The next one-time pad system was electrical. In 1917, Gilbert Vernam (of AT&T Corporation) invented and later patented in 1919 (U.S. Patent 1,310,719) a cipher based on teleprinter technology. Each character in a message was electrically combined with a character on a paper tape key. Joseph Mauborgne (then a captain in the U.S. Army and later chief of the Signal Corps) recognized that the character sequence on the key tape could be completely random and that, if so, cryptanalysis would be more difficult. Together they invented the first one-time tape system.

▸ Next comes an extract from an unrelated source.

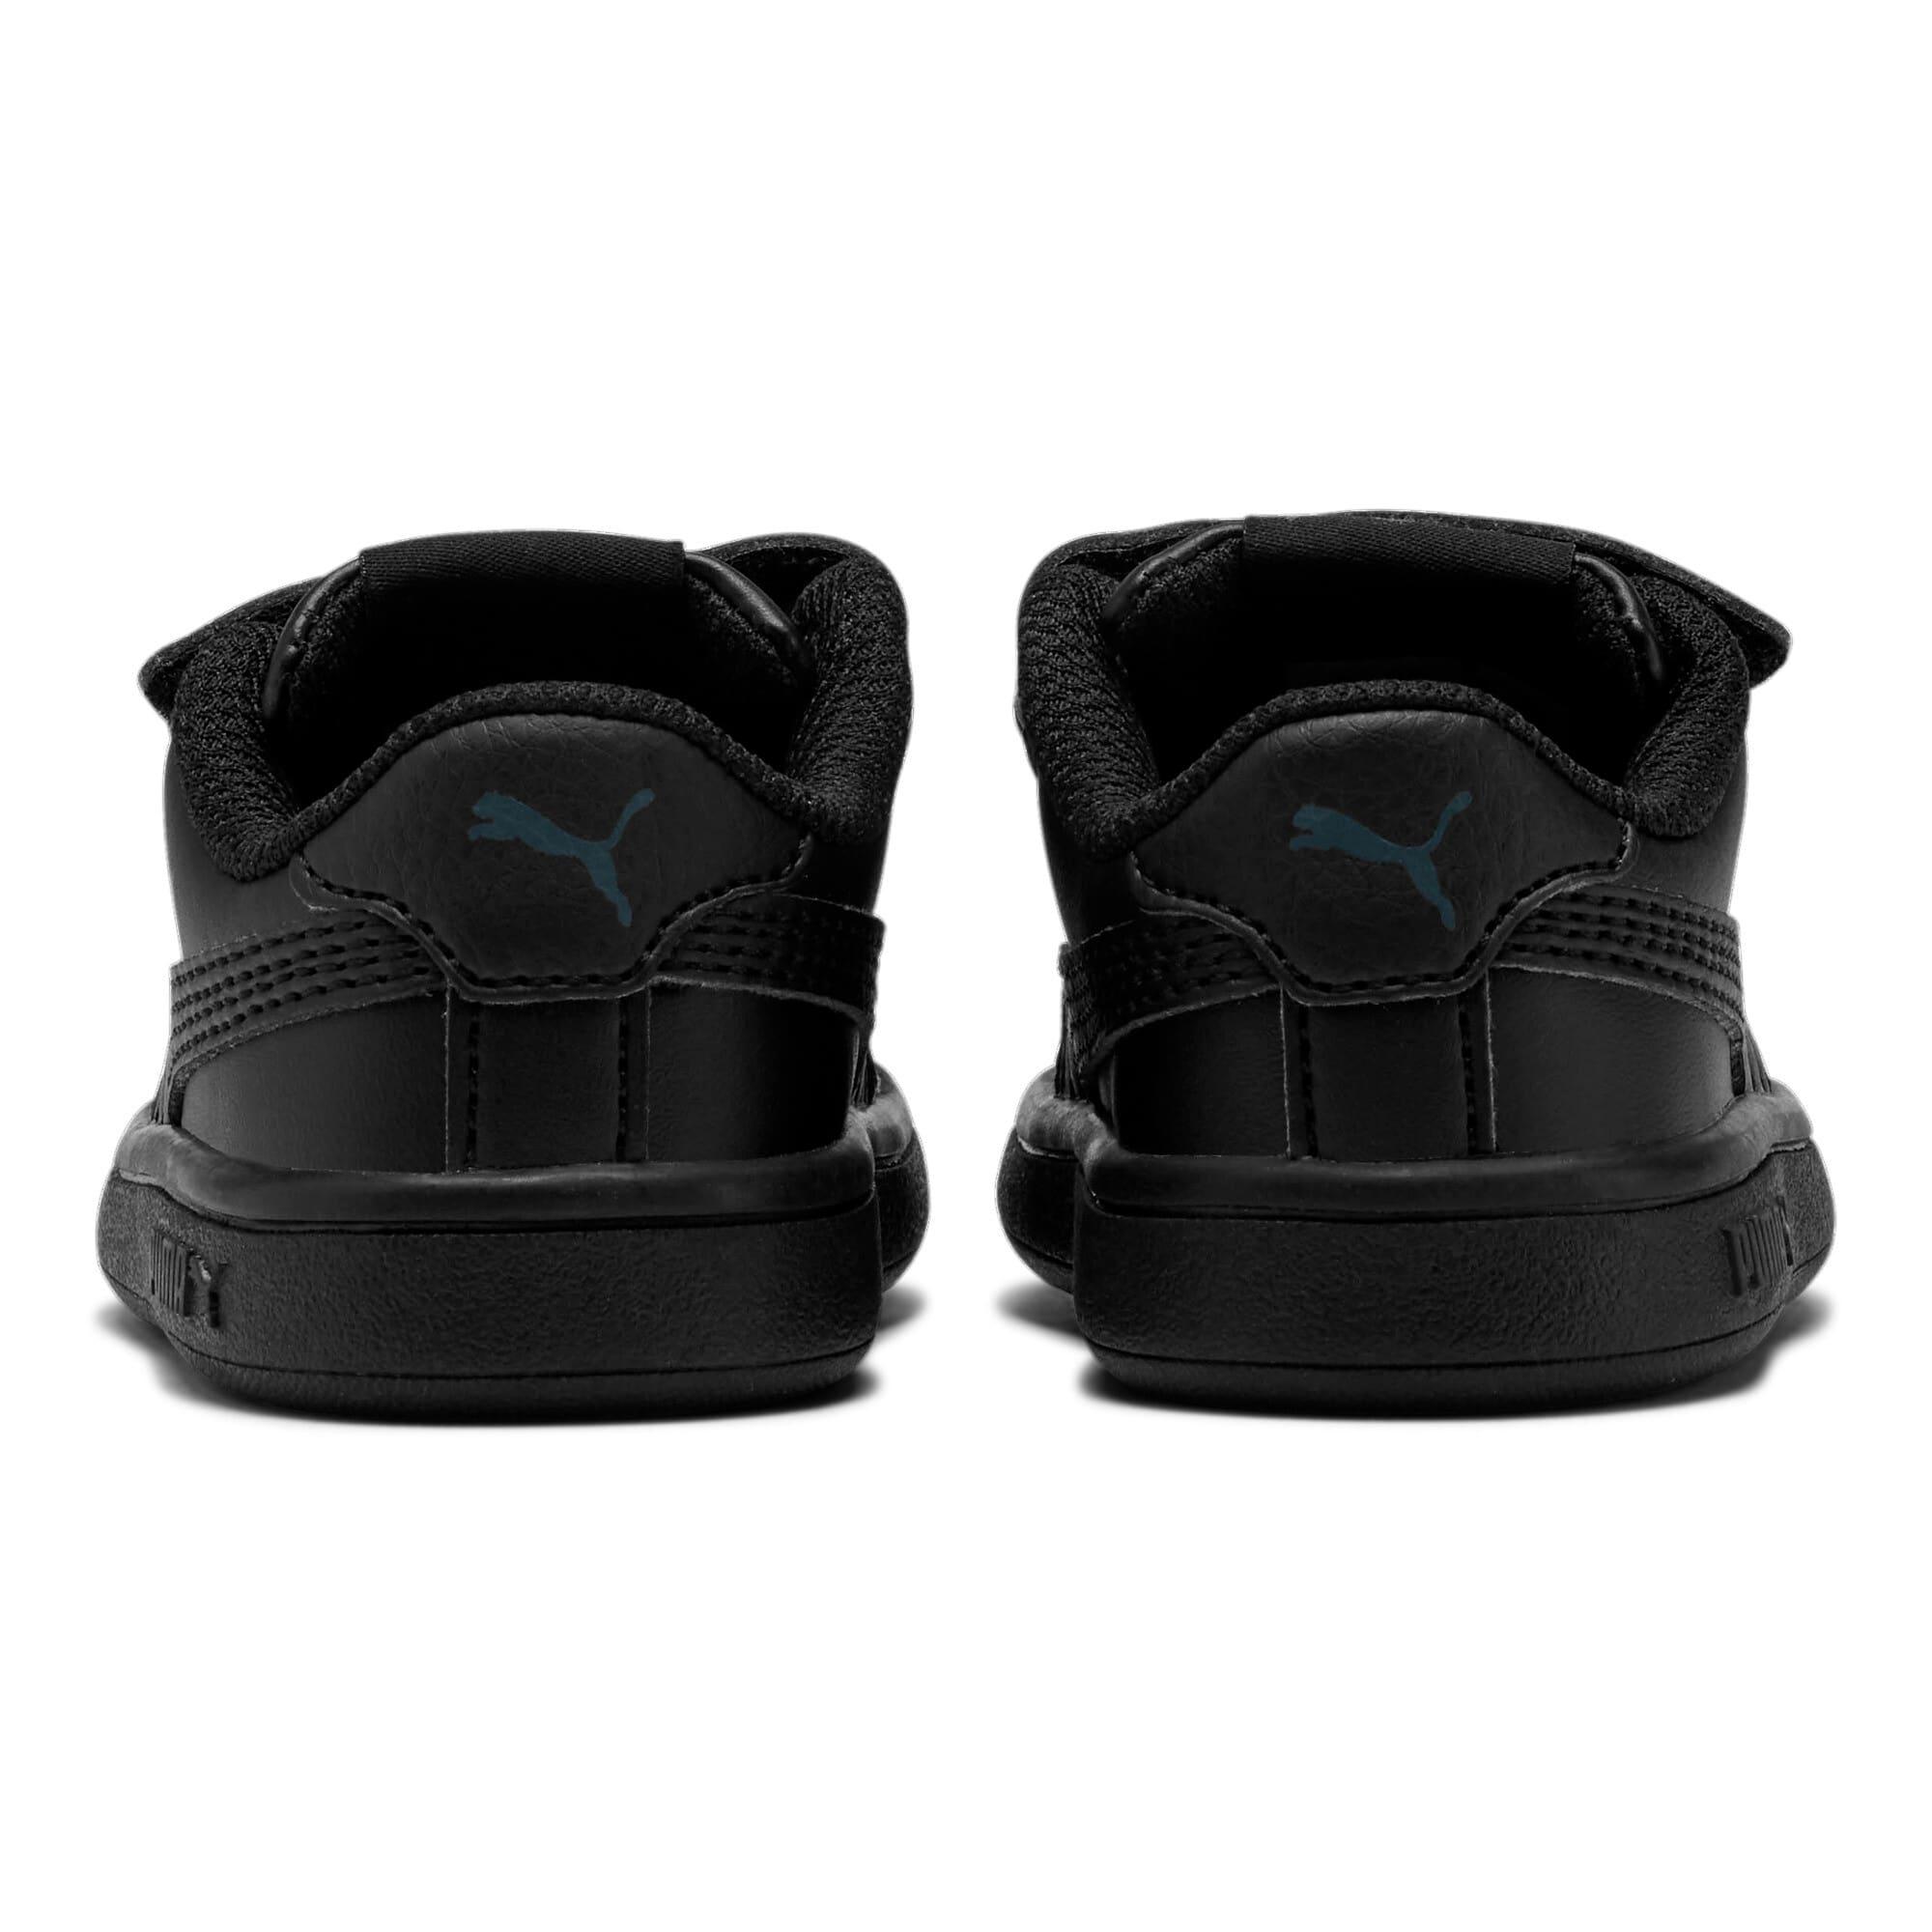 Thumbnail 3 of Puma Smash v2 L V Toddler Shoes, Puma Black-Puma Black, medium

The next development was the paper pad system. Diplomats had long used codes and ciphers for confidentiality and to minimize telegraph costs. For the codes, words and phrases were converted to groups of numbers (typically 4 or 5 digits) using a dictionary-like codebook. For added security, secret numbers could be combined with (usually modular addition) each code group before transmission, with the secret numbers being changed periodically (this was called superencryption). In the early 1920s, three German cryptographers (Werner Kunze, Rudolf Schauffler and Erich Langlotz), who were involved in breaking such systems, realized that they could never be broken if a separate randomly chosen additive number was used for every code group. They had duplicate paper pads printed with lines of random number groups. Each page had a serial number and eight lines. Each line had six 5-digit numbers. A page would be used as a work sheet to encode a message and then destroyed. The serial number of the page would be sent with the encoded message. The recipient would reverse the procedure and then destroy his copy of the page. The German foreign office put this system into operation by 1923.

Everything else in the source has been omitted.